As alluded earlier in this section, reparameterisation invariance is a gauge symmetry. In some sense, this is not even an honest symmetry; because it means that we’ve introduced a redundancy in our description, as not all degrees of freedom {X^{\mu}} are physically meaningful. We’ll discuss this more in the context of the string (an example of such a redundancy appears in the study of the momenta).

4. Equation of motion for {S_{pp}}

To obtain (eqn. 1.2.3), Polchinski varies the action (26) and then integrates by parts.
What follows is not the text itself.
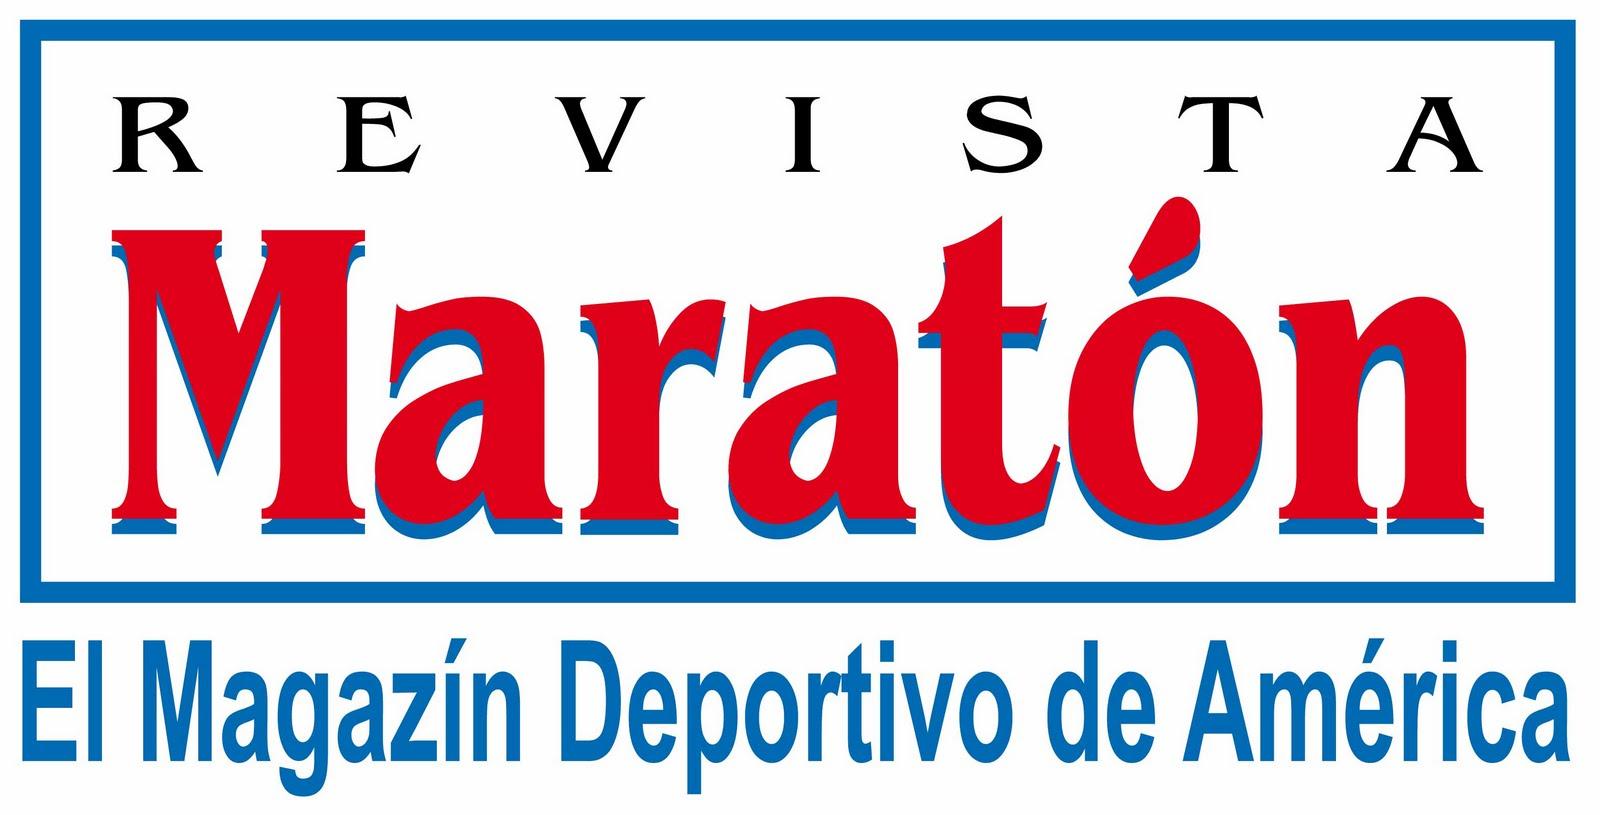 Revista Maraton

For simplicity, let us temporarily maintain {c = 1} . Varying (26)

\displaystyle  \delta S_{pp} = -m \int d\tau \delta (\sqrt{-\dot{X}^{\mu}\dot{X}_{\mu}}) \ \ (30)

\displaystyle  = -m \int d\tau \frac{1}{2}(-\dot{X}^{\mu}\dot{X}_{\mu})^{-1/2}(-\delta \dot{X}^{\mu}\dot{X}_{\mu}), \ \ (31)

then from the last term we pick up a factor of 2 leaving

\displaystyle  = -m \int d\tau (-\dot{X}^{\mu}\dot{X}_{\mu})^{-1/2} + (-\dot{X}^{\mu}\delta \dot{X}_{\mu}). \ \ (32)

Next, we make the substitution {u^{\mu} = \dot{X}^{\mu}(-\dot{X}^{\nu}\dot{X}_{\nu})^{-1/2}} such that

\displaystyle  \delta S_{pp} = -m \int d\tau (-u_{\mu})\delta \dot{X}^{\mu}. \ \ (33)

And now we integrate by parts, which shifts a derivative onto u using the fact we can commute the variation and the derivative {\delta \dot{X}^{\mu} = \delta d / d\tau X^{\mu} = d/d\tau \delta X^{\mu}} . We also drop the total derivative term that we obtain in the process

\displaystyle  \delta S_{pp} = -m \int d\tau \frac{d}{d\tau} (-u_{\mu}\delta X^{\mu}) - m \int d\tau \dot{u}_{\mu} \delta X^{\mu}, \ \ (34)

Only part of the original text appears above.